You seem like an interesting, smart, funny (I liked the "I have a business and spend a lot of time praying" line- at least I think you meant it to be a bit funny!) woman who has quite a bit to offer. Capture that!

Finally... fall in love with yourself. Not in an egotistical "MeMeMe" way, but in a quality way. I don't know if you are or aren't, but an author I read recently put it very well in saying that the glow that we have when we're loved is one we can have ALL the time, so long as we love ourselves!

Then keep reading in here about OLD. Meet early, don't waste tons of time with emails/phonecalls/IMs. Blech. Don't be too picky, be willing to extend your comfort zone a bit. Don't be afraid to challenge yourself a bit! Have fun and be yourself when you meet guys; if you get all nervous and freaked out, that's not really you. (Unless you're nervous and freaked out in day-to-day life, in which case that's exactly how you should be. LOL)

Good luck!

iVillage Member
Registered: 06-19-2003
Sat, 04-09-2005 - 4:10pm

A possible "red flag" for could be the religious aspects you put on your profile.

Some guys are turned off a bit with women that are extremely religious.

I have had some dates with women that were very very religious and usually if you are of a differing religion, belief system, whatever, there are ultimately problems and barriers to any possibility of something long-term happening.

My last girlfriend was using her ultra-religious parents to keep us from having anything long-term. She wouldn't even mention she was dating "a heathen" like me to them. There is no chance for something really meaningful if you are going to be kept a secret the whole time you are seeing them.

So usually if there is anything "extra" in a womans profile about religion, that sends up a possible flag for me to be wary.

Bryan

iVillage Member
Registered: 05-09-2003
Sat, 04-09-2005 - 5:27pm
I am a retired high school writing teacher, and I just want to compliment you on the profile you wrote (a segment of which was copied in the previous post). Your profile just oozes style and charisma. I don't know how many women are responding to you, but I would think the profile would attract quite a few.
iVillage Member
Registered: 05-16-2004
Sat, 04-09-2005 - 6:40pm
wgb1264 is the match id if you want the full effect. I'm a good writer but a loser in person...
iVillage Member
Registered: 05-09-2003
Sat, 04-09-2005 - 8:16pm

Well, online dating sites are perfect environments for good writers, which puts you at a big, BIG advantage over guys that can't express themselves in writing. Of the older men that I have become involved with during my venture into online dating, only one has had a profile that was so well done it totally bowled me over.
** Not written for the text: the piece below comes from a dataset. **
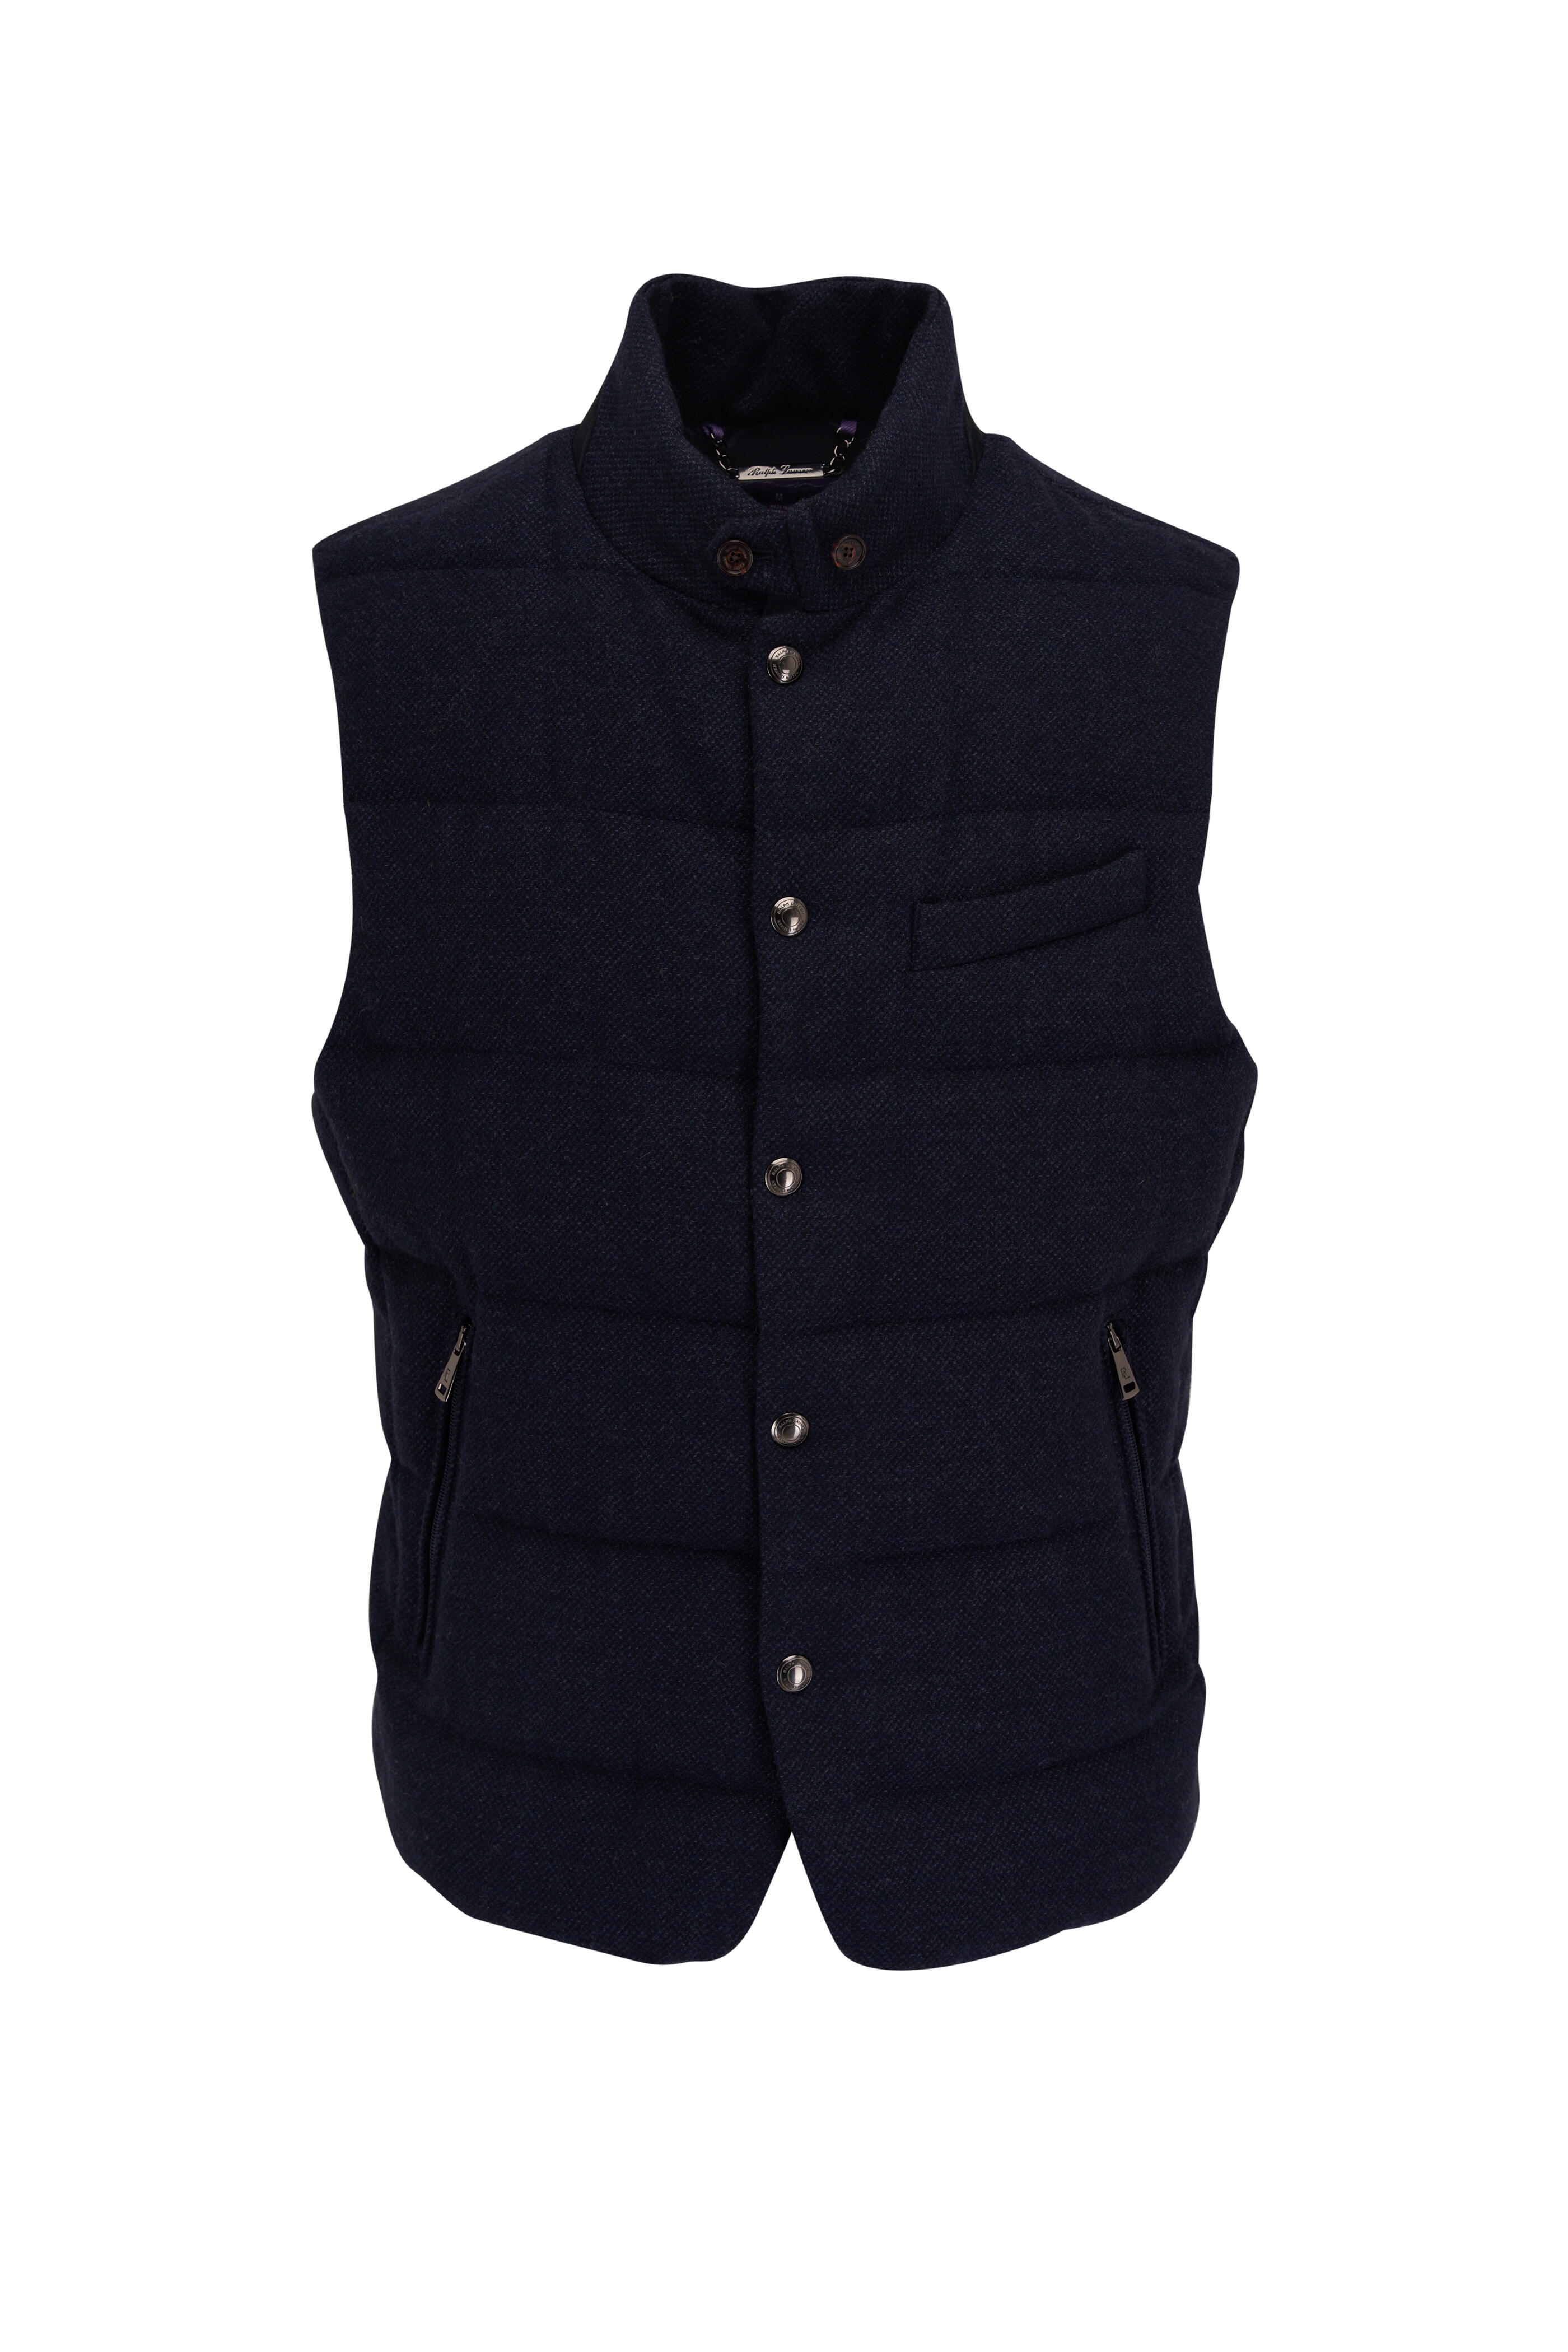 Ralph Lauren Purple Label - Whitewell Navy Wool, Linen & Silk Down Vest

So I wrote him and told him that I wasn't interested in him socially, but I sure did admire his humor and his writing ability. He wrote back, and even though we live 500 miles apart, we have become friends and send emails every few weeks, which I suppose sounds like no fun at all to you younger people, but he's a neat guy and I enjoy writing to him and hearing from him. He lives in the town where my son lives, so we will visit back and forth once in awhile. Most older men online are absolutely thrown for a loop at writing their profiles and many of them come up with something like, "I really hate doing this and don't know how, but I'm a nice guy." And that, of course, tells you absolutely nothing.

Anyway, lg, I plan to read your whole profile when I have a little more time.

iVillage Member
Registered: 04-16-2004
Sat, 04-09-2005 - 9:39pm
LG...You have the BEST proifles...ever! You are NOT a loser. I would love to read the whole thing but I'm not a memeber at Match anymore.
iVillage Member
Registered: 05-16-2004
Sat, 04-09-2005 - 9:54pm
Non members can read any profile via the search menu -- just type the entire profile ID.